__Data section__.
****************
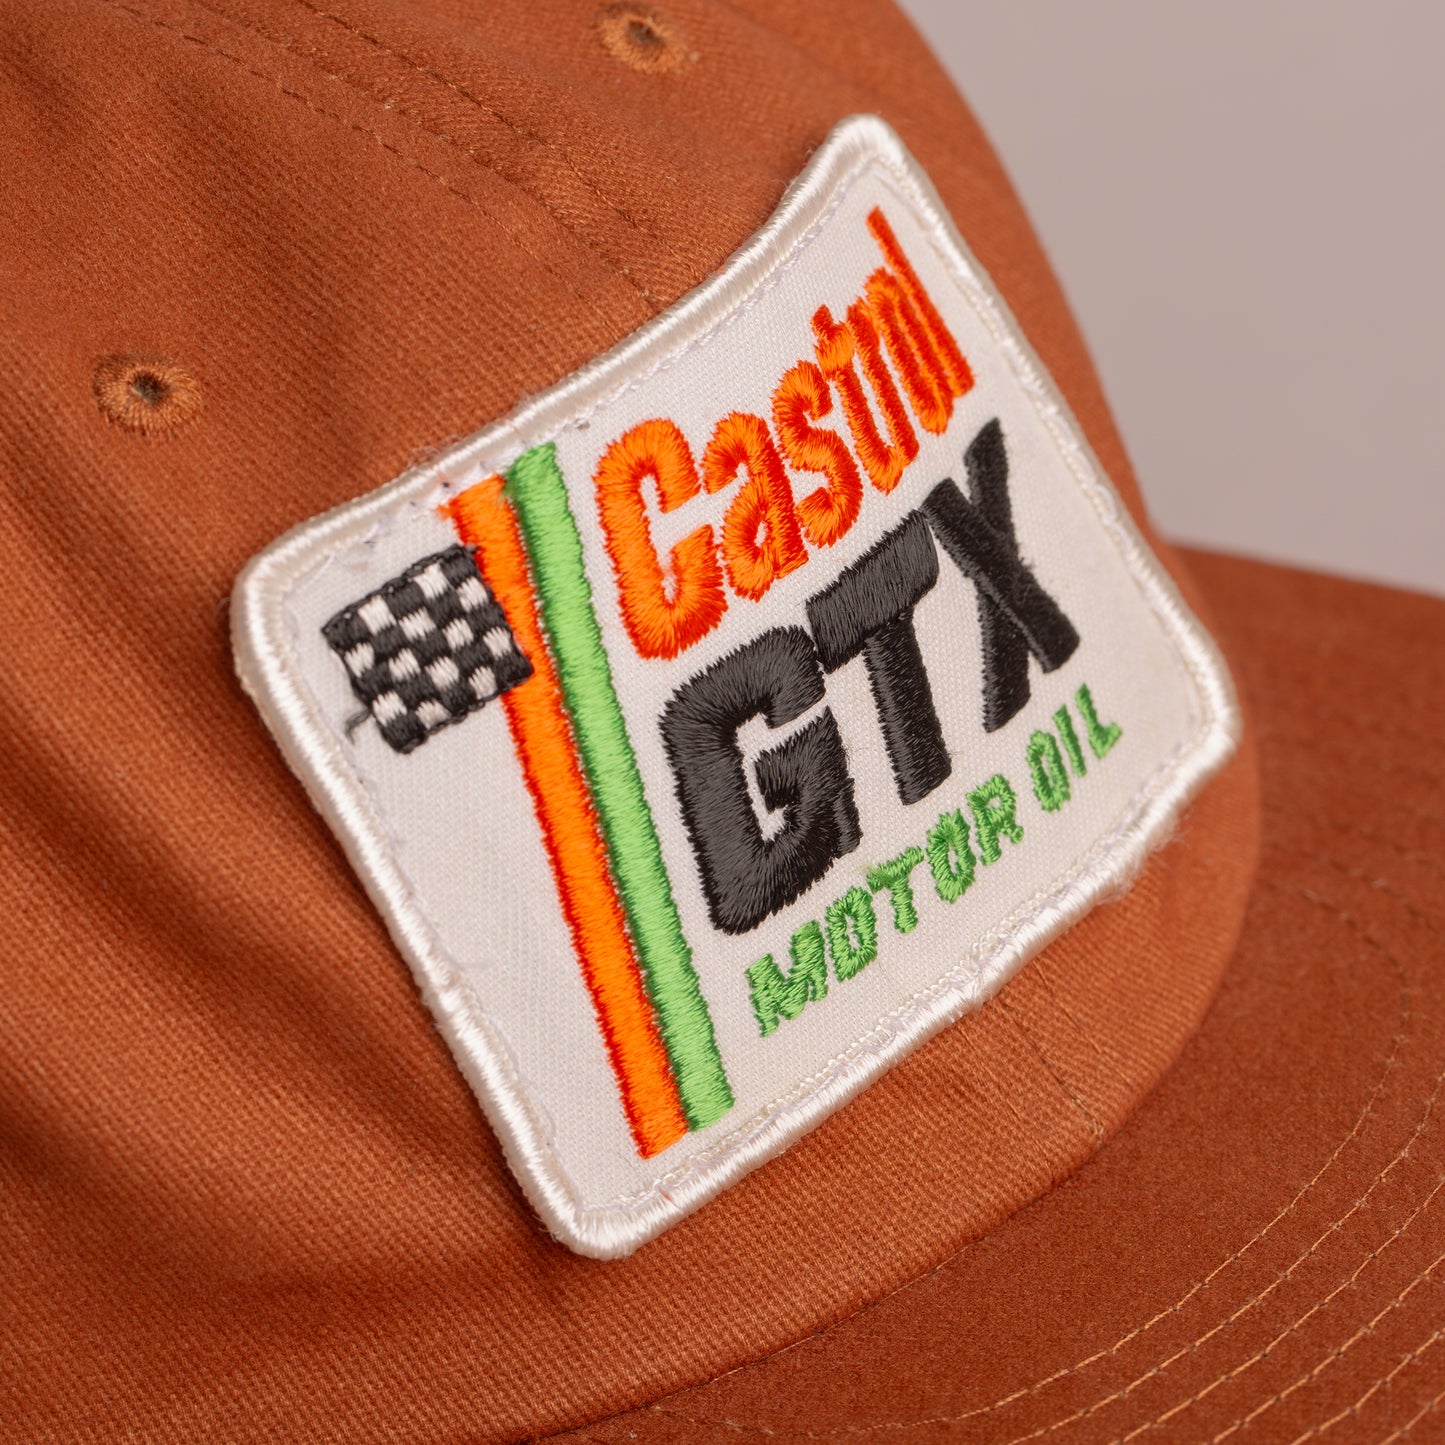 Castrol GTX Motor Oil
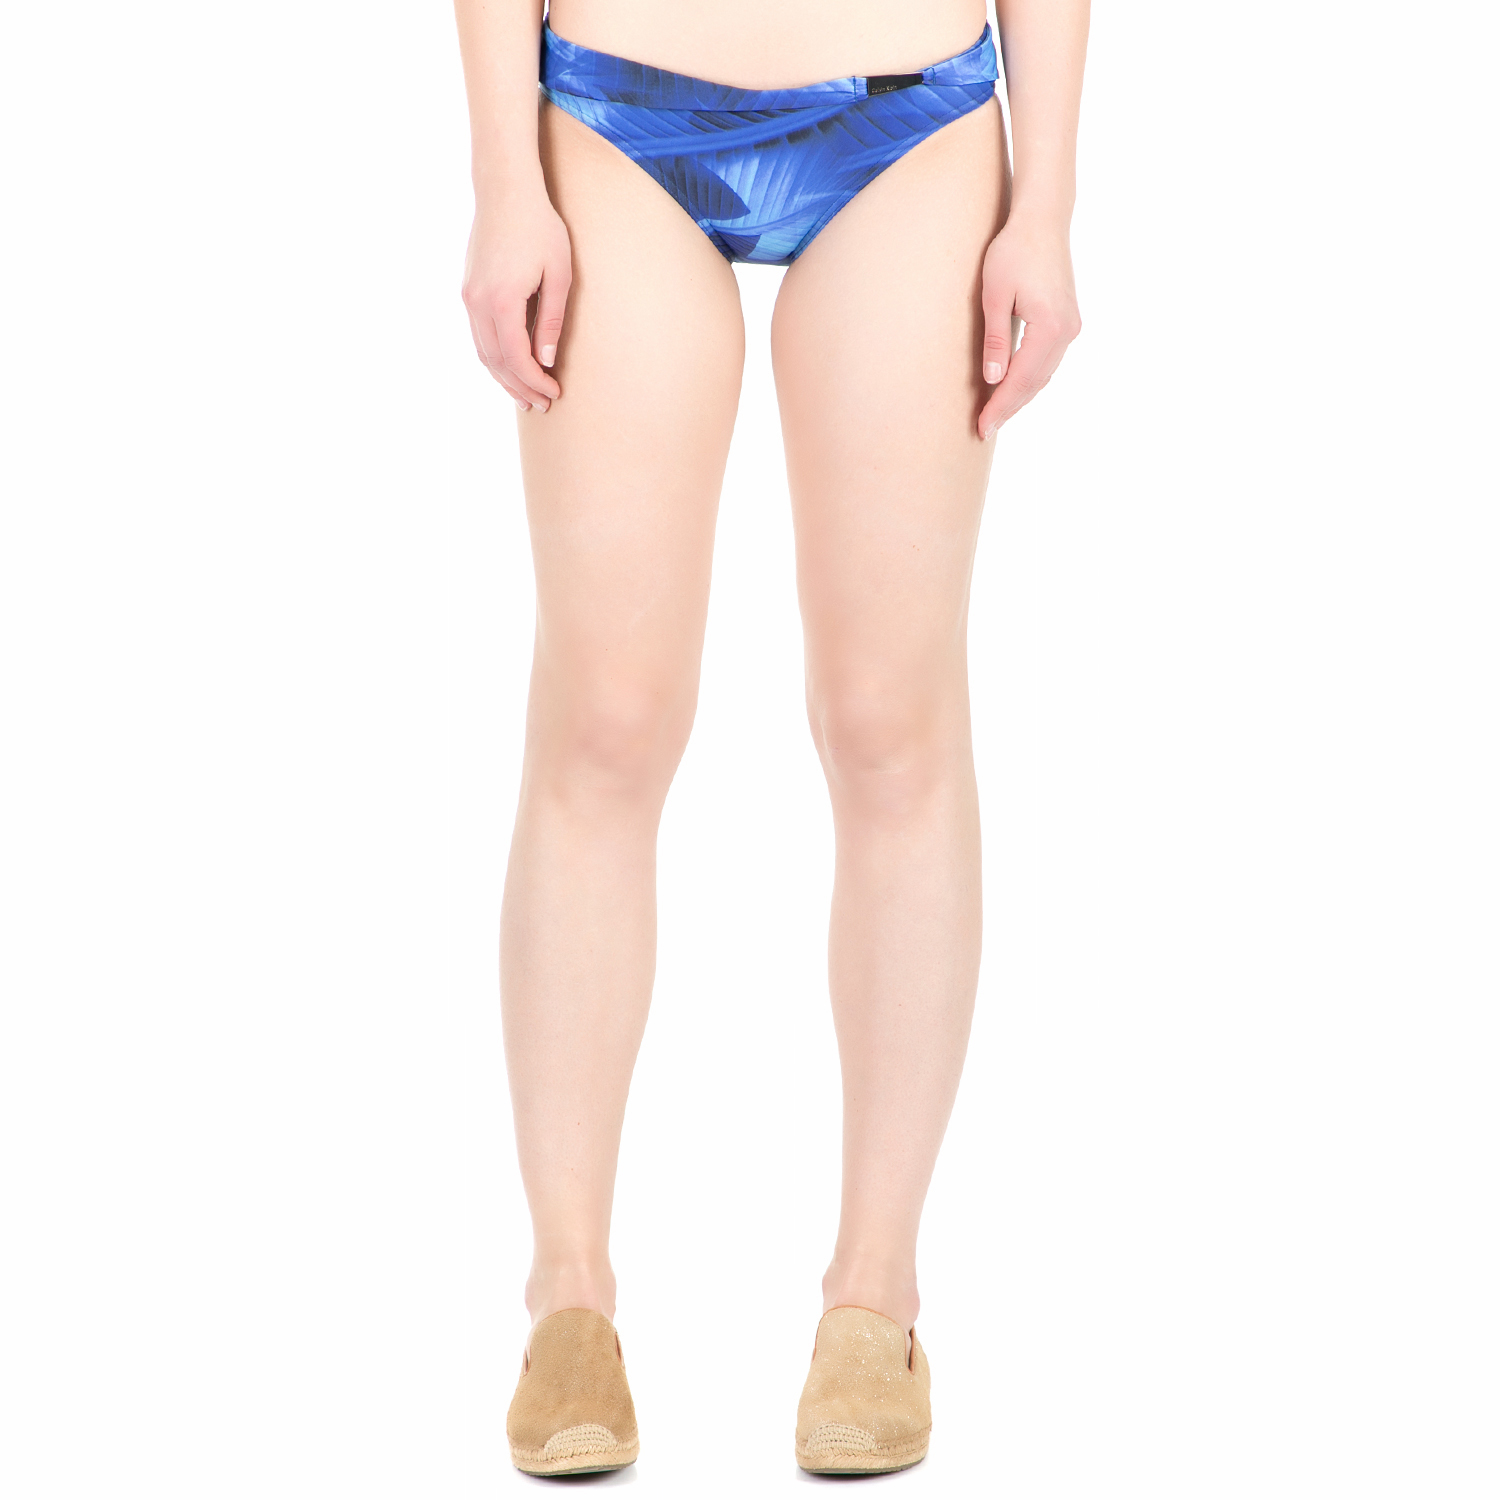 Γυναικεία/Ρούχα/Μαγιό/Κάτω Μερος CK UNDERWEAR - Γυναικείο σλιπ μπικίνι CK Underwear BELTED FULL μπλε
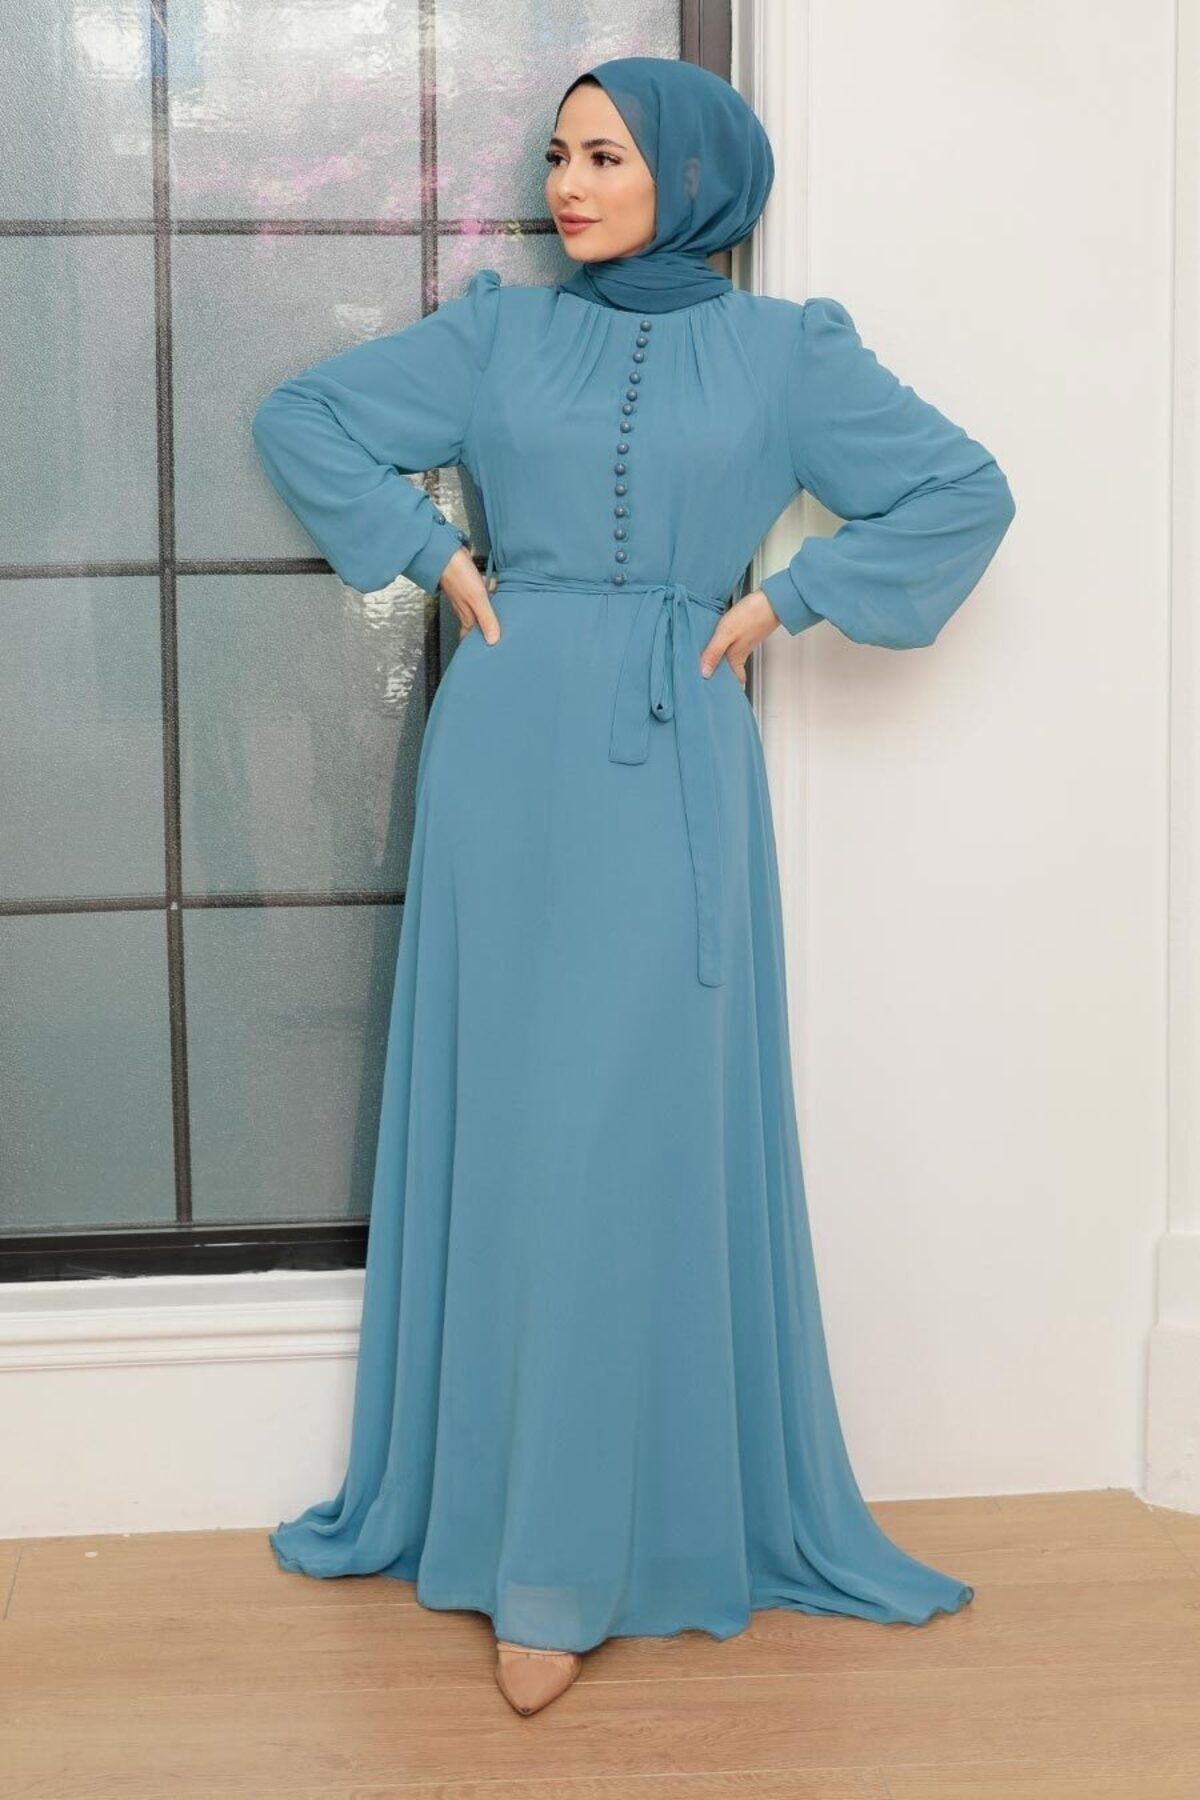 Neva Style - Düğme Detaylı Turkuaz Tesettür Elbise 2703tr
****************
__Work task__.
Could the data above be copied out exactly, with no pictures kept?

__Output for this exercise__.
 Castrol GTX Motor Oil
 Γυναικεία/Ρούχα/Μαγιό/Κάτω Μερος CK UNDERWEAR - Γυναικείο σλιπ μπικίνι CK Underwear BELTED FULL μπλε
 Neva Style - Düğme Detaylı Turkuaz Tesettür Elbise 2703tr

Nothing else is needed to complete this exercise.